Perception is a funny and firm element in politics.
It effects the left and the right equally, in different ways.
The two provinces with the fastest economic growth in Canada are Ontario and Alberta. In fact, Ontario's economic growth rate is projected to outpace not only all of Canada, but all the G7 countries, according to most private-sector projections such as those done by RBC and Bloomberg. (Alberta is also beginning to hum along. British Columbia isn't all that far behind.)
Yet, in part no doubt because both provinces are led by leftist women in Premier Kathleen Wynne and Premier Rachel Notley, most people don't realise or believe the economic reality. Likewise, Ontario and Alberta are presumed to be spendthrift governments, when in fact both constrain their programme spending and have some of the lowest overall taxation rates of all the provinces.
Similarly, the Ottawa commentariat was obsessive and pearl-clutching about Prime Minister Justin Trudeau's deficits. It was taken as a sign that he too was a big-spending liberal.
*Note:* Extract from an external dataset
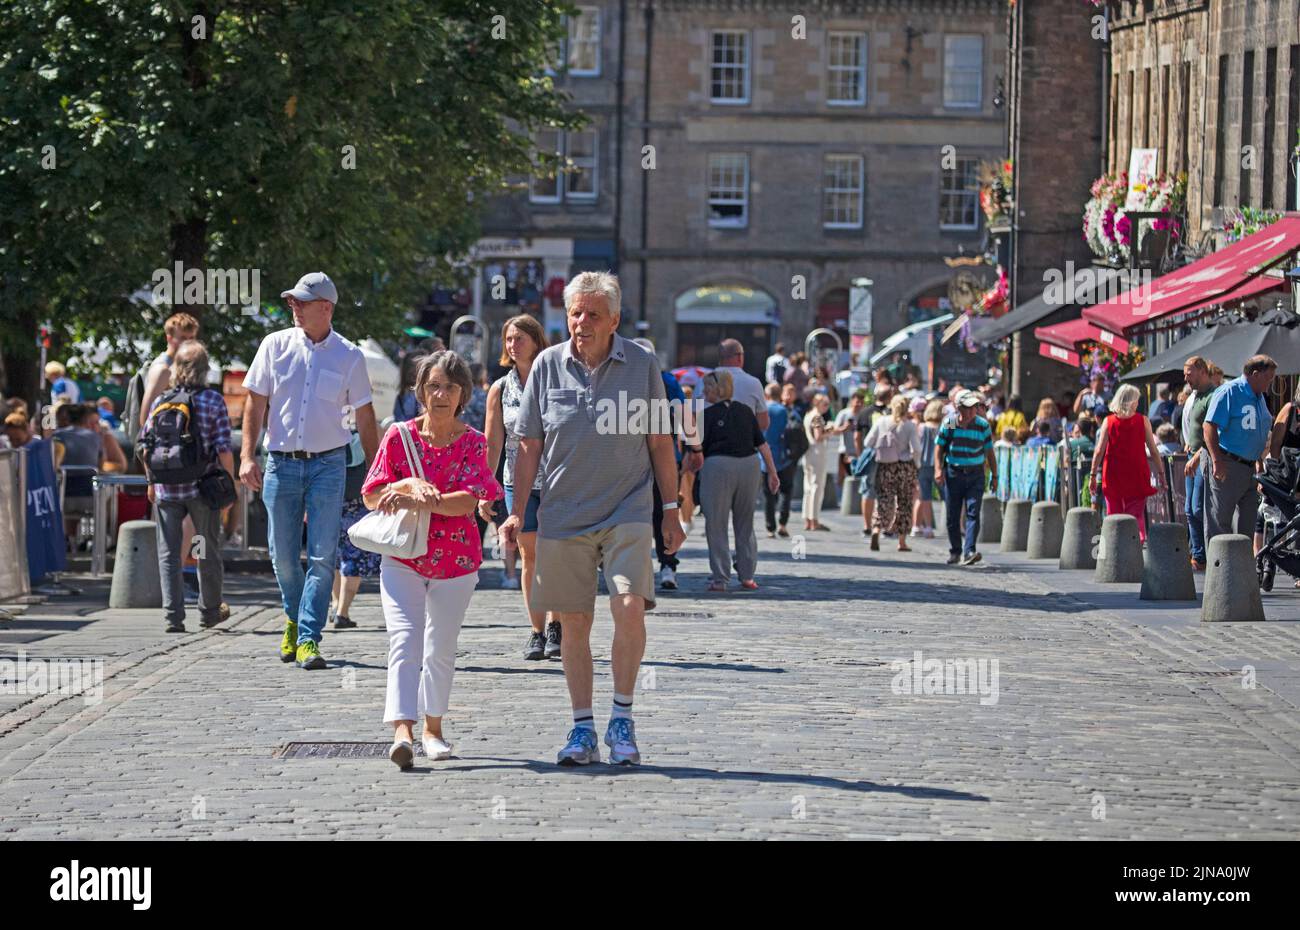 City centre, Edinburgh, Scotland, UK. 10th August 2022. Very hot in busy city High Street and Grassmarket. 26 fegrees centigrade in the afternoon. Credit: Arch White/alamy live news. Stock Photo

Yet, Trudeau's deficits are smaller than former prime minister Stephen Harper's ever were, and it was Liberals who balanced the budget the last time Canada enjoyed a string of budgetary surpluses.
In the same way, President Donald Trump is presumed to be a successful businessman and therefore a trustworthy steward of America's economy. But the first presumption is nonsense: the man bankrupted casinos, proving that he is the one man in the world who is bad enough at business to flip the adage about the house always winning. His other ventures — Trump steaks, vodka, airlines and his 'university' — were either flops or frauds. He isn't a successful businessman; he just played one on TV. Apparently, he's not even decisive at saying, "you're fired" in real life, outsourcing sacking to his omnipresent son-in-law.
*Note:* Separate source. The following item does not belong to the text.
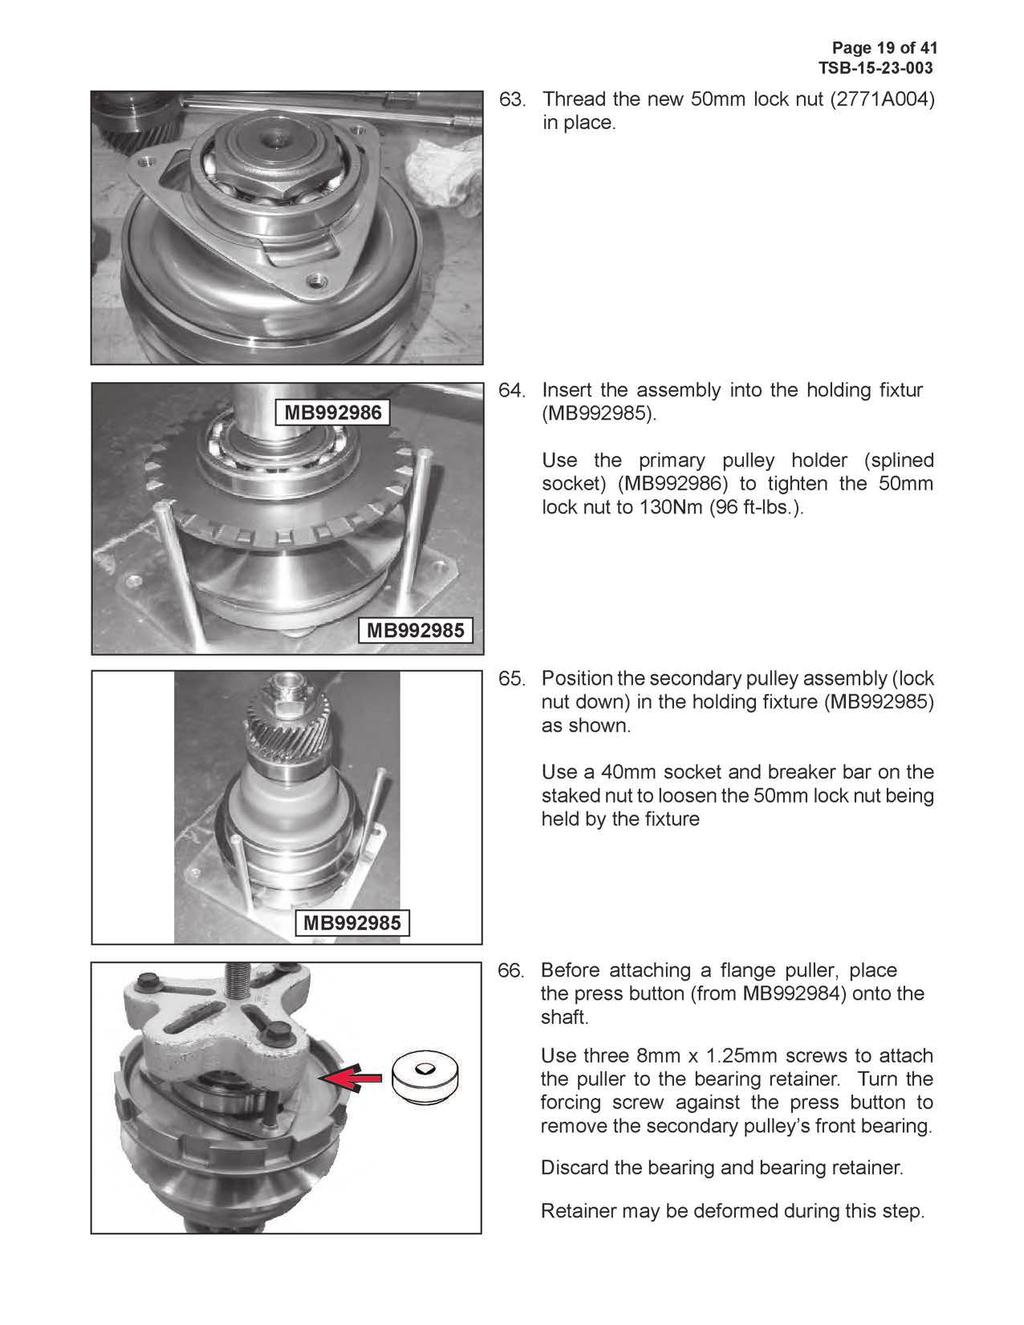 Page 19 of 41 63. Thread the new 50mm lock nut (2771A004) in place. 64. Insert the assembly into the holding fixtur (MB992985).

Media makes these false perception decisions as much as an individual person does. A press story about, for instance, Ontario's strong economic growth is clearly counter-narrative. An accusation of government waste fits the narrative. Which one ends up leading the evening news?
Another example is particularly vexing. Right after New Year's, gas prices went up in Ontario. Evening news reported that it was the effects of Wynne's "carbon tax" (in reality, she favours cap-and-trade, which makes polluters pay; it's Conservative Leader Patrick Brown who—currently—says he supports a carbon tax). This was not only confirmation bias at its worst: it was an abject failure to understand how the market works. Gas often goes up before or after holidays. It went up by more in neighbouring jurisdictions that don't have any form of pollution pricing. It went down shortly thereafter anyway. It was letting perception dictate reality, not the other way around.
The post-hoc-ergo-propter-hoc perception that cap-and-trade kicked into effect and therefore it must be the cause of the uptick in gas prices was persuasive enough for news producers to run with it. No such stories followed when gas then went down; that didn't fit the narrative.
How to correct these perceptions? It's a tricky business.
American cognitive scientist George Lakoff speaks about how political narratives become etched on our brains, writing, "Neural binding allows these permanent general narrative structures" — such as the frame that liberals spend wastefully — "to be applied to ever new special cases". In other words, we tend to reinforce our biases.
He suggests, ultimately, that the way to fight perceptions is Newtonian: for every narrative there must be an actual and opposite counter-narrative. Mere fact checking won't work; if anything, it can be counterproductive and serve to reinforce the fake news it seeks to refute. But spreading a rival narrative, preferably one that is factual, can counteract the false perception.
In other words, the way around false perceptions is to crash into them head on. It's probably why campaigns that are timid tend to lose: by not fighting back from a language of values, you let the opposition win the point by default.